Joint Communique from ISO and IEC: "Legal action against the European Commission’s decision regarding its implementation of ECJ Case C-588/21 has been initiated so that we may continue to deliver effectively on our missions globally for the benefit of everyone. This action is aimed at safeguarding the integrity of international standards and protecting the infrastructure that supports their development." https://www.linkedin.com/posts/luca-bertuzzi-186729130_huge-the-eu-standard-setting-architecture-activity-7275445905367928832-7K1K/
If you don't speak official Europeaneese, let me translate.

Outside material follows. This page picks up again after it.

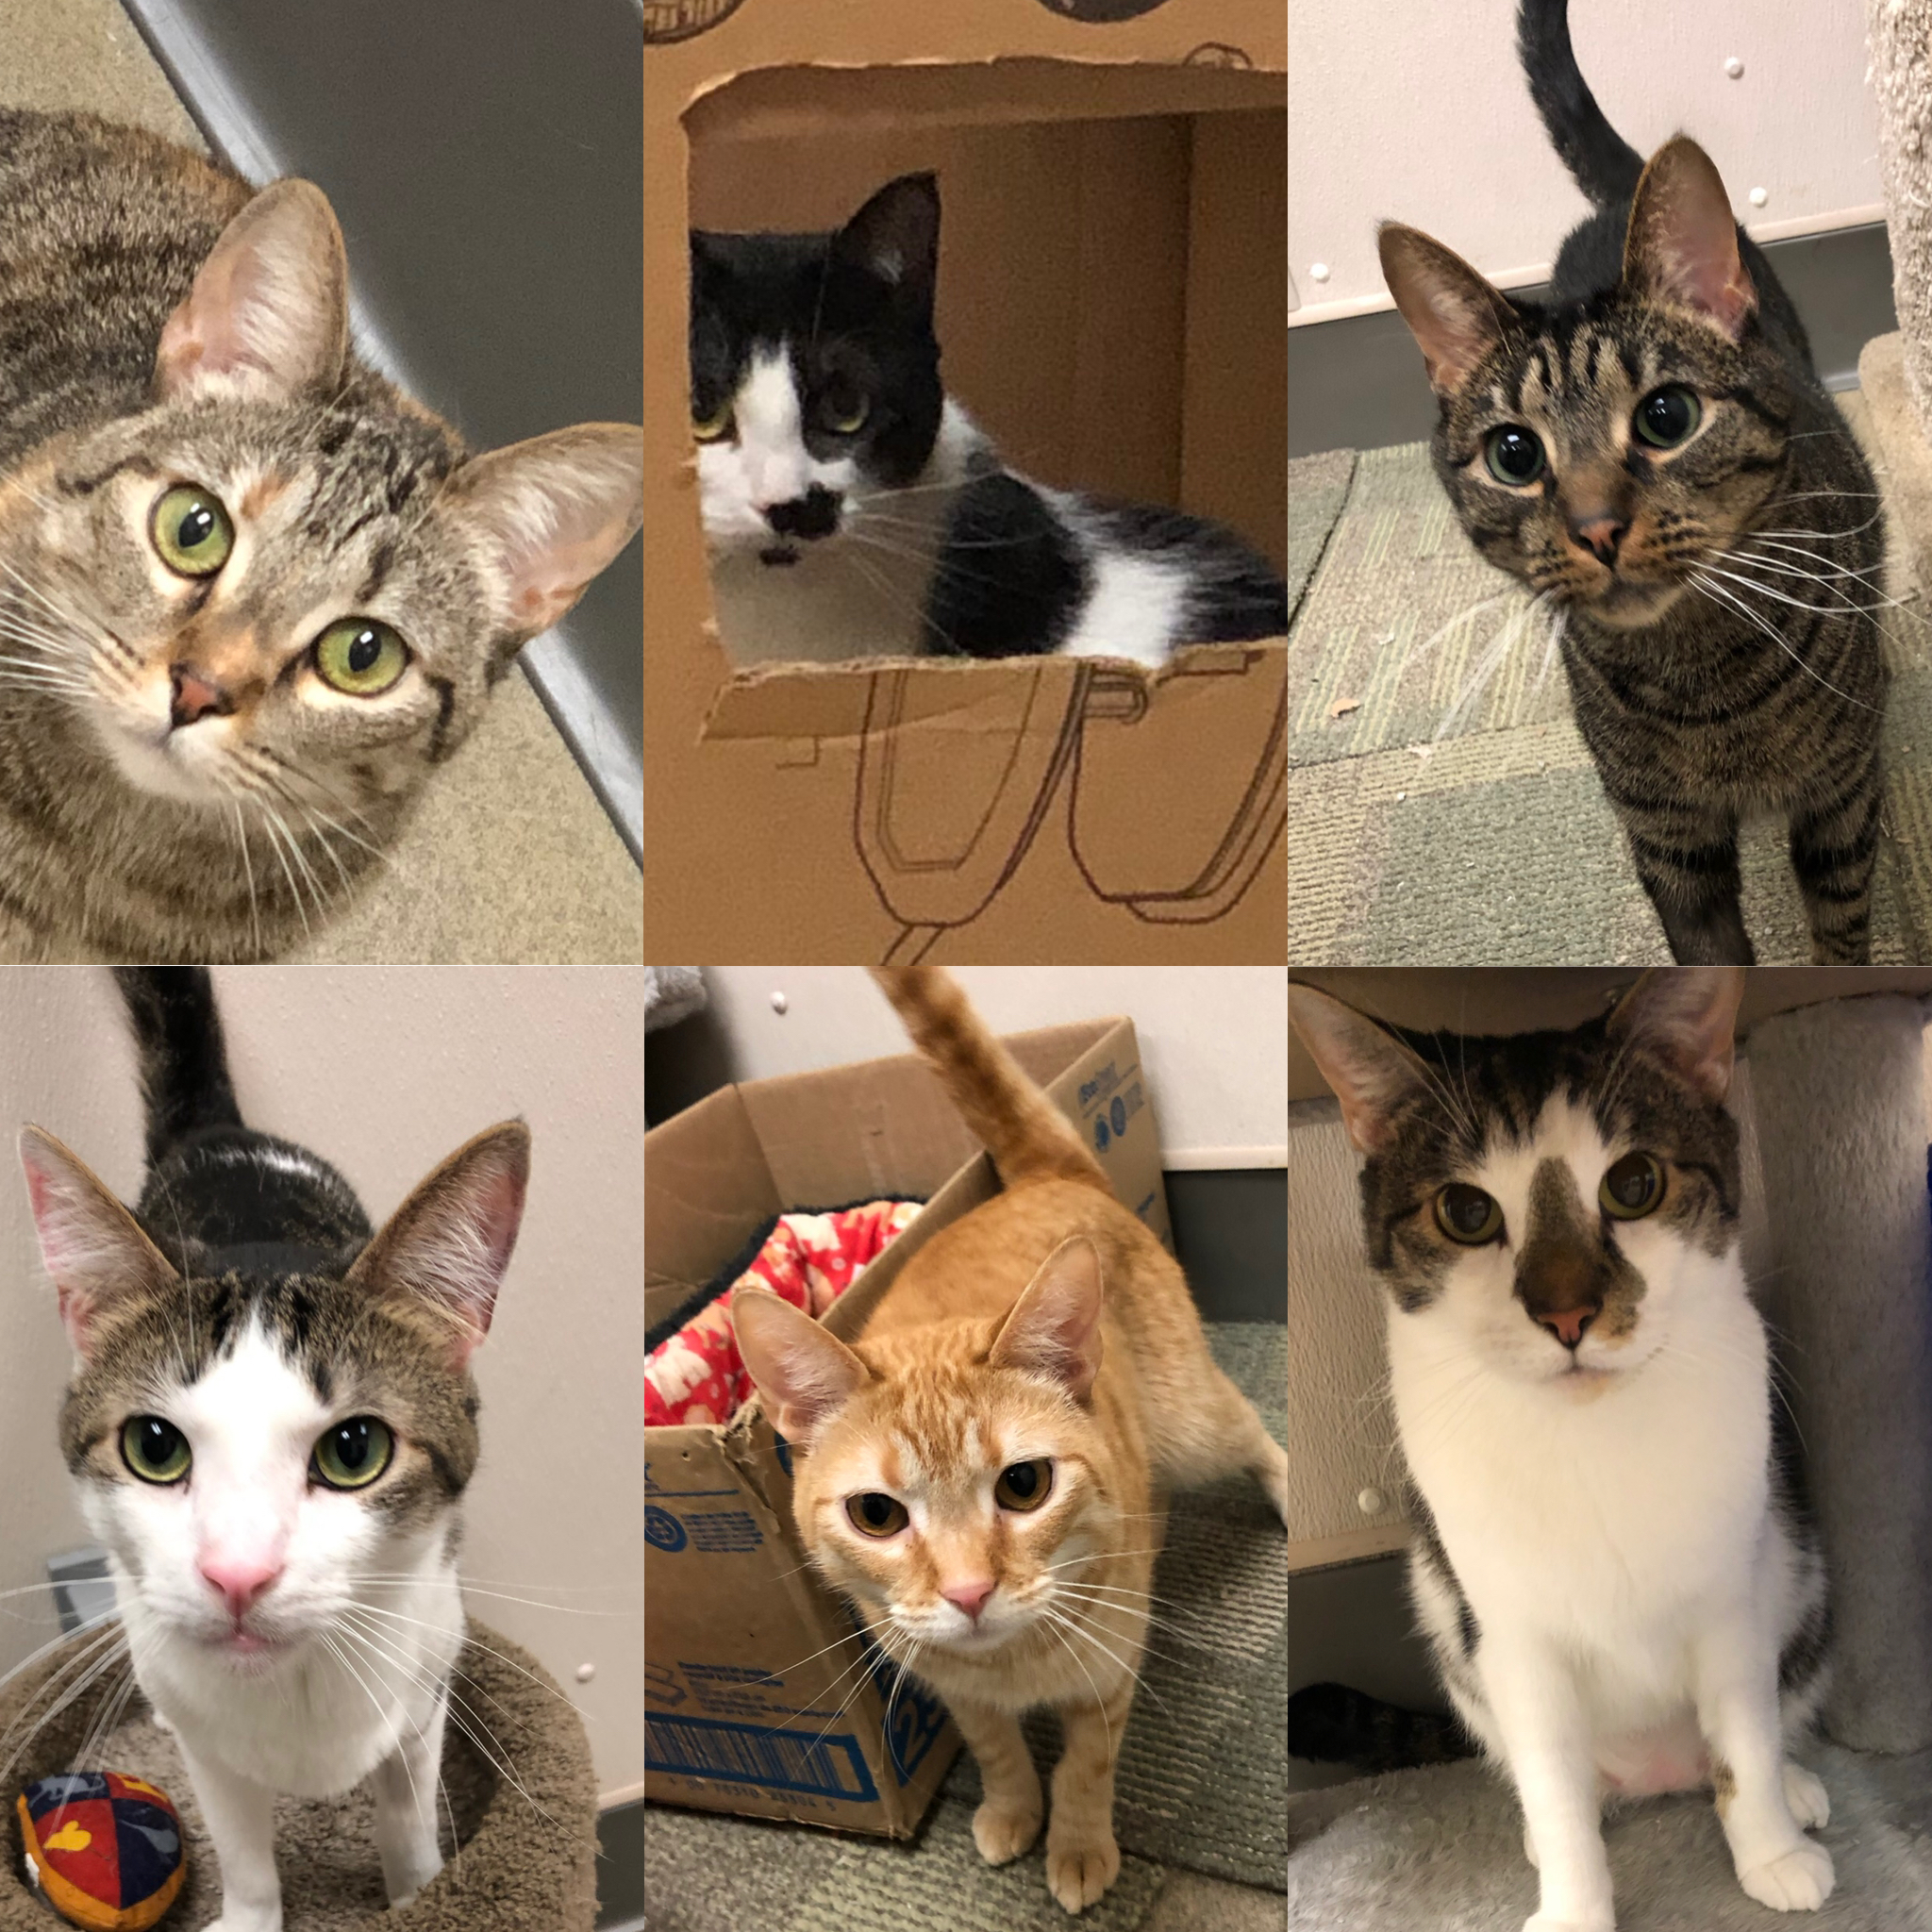 Six cats that are up for adoption.

ISO (and IEC!) are suing the European Commission for complying with the Court of Justice of the European Union's (CJEU) decision that access to EU law is of "overriding public importance." They filed this suit in the CJEU. Our position is that the CJEU decision was rightly decided.
@carlmalamud It's excellent timing as the EU is currently deciding whether regulation 1025/2012 needs revision. This case makes it exceptionally clear that, whatever the outcome of the case, a change is definitely needed to ensure harmonised standards are freely available as the law requires.
@webmink Some may argue that "readability rooms" and other forms of highly conditional access is fine for the general public and other casual citizens and that our radical proposal to seize the means of legal construction and nationalize the law smacks of communism. I'm sure there's some happy meeting ground in the middle.
@carlmalamud I have sensed no appetite for voluntary compromise of any kind, and the lawsuit signals that. That attitude mirrors the view among SEP-dependent legacy corporations (who also seem to support ISO's view) that any accommodation of open source is a step too far. Heck, if you can read the standards for free you might want to implement them for free too.
@webmink @carlmalamud Apologize that I haven't read the documents, but is there proof that ISO income from selling documents is what sustains the standards effort? Having watched W3C diminish due to lack of $$ I am concerned that we need some new approach to funding standards. (I agree that standards behind paywalls are "standard" only for the few.)
@kcoyle I don't believe there is, not least because organisations like ETSI and OASIS flourish without it. But ISO and the rest of the national standards organisation hierarchy take it as given.
Note that, like the equally dodgy example of academic publishing, the funding of de jure standards development is not connected with the funding of the publication mechanism. I suspect this is the thing that's about to have to be brought blinking into the daylight.